◆ **GIVEN DATA**:
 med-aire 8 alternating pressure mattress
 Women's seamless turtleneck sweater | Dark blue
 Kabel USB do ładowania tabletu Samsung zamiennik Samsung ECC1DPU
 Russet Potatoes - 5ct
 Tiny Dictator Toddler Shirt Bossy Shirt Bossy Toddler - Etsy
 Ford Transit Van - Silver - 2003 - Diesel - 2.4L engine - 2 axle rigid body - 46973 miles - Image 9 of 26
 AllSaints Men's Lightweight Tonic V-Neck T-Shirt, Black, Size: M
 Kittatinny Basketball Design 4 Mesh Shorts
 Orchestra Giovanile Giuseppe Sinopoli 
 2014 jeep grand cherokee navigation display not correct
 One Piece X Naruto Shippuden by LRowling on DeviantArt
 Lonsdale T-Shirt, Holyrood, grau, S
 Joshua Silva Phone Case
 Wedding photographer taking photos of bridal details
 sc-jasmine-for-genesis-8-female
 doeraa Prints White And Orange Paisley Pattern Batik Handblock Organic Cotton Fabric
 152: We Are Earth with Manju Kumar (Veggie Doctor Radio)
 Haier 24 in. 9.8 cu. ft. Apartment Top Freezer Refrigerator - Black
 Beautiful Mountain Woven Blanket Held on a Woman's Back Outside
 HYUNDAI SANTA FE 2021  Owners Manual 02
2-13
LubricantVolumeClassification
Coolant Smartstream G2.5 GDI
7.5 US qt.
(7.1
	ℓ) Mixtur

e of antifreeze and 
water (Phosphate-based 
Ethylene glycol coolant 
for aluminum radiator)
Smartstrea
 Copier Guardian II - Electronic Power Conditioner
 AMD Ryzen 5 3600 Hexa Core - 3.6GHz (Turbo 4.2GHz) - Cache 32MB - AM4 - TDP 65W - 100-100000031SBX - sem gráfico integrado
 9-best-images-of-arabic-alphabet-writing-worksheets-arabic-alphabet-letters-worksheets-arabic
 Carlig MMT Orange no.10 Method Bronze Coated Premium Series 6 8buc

◆ **WHAT YOU WILL DO**:
Copy out every line of the data that includes the word "Shirt".

◆ **RESPONSE AREA**:
 Tiny Dictator Toddler Shirt Bossy Shirt Bossy Toddler - Etsy
 AllSaints Men's Lightweight Tonic V-Neck T-Shirt, Black, Size: M
 Lonsdale T-Shirt, Holyrood, grau, S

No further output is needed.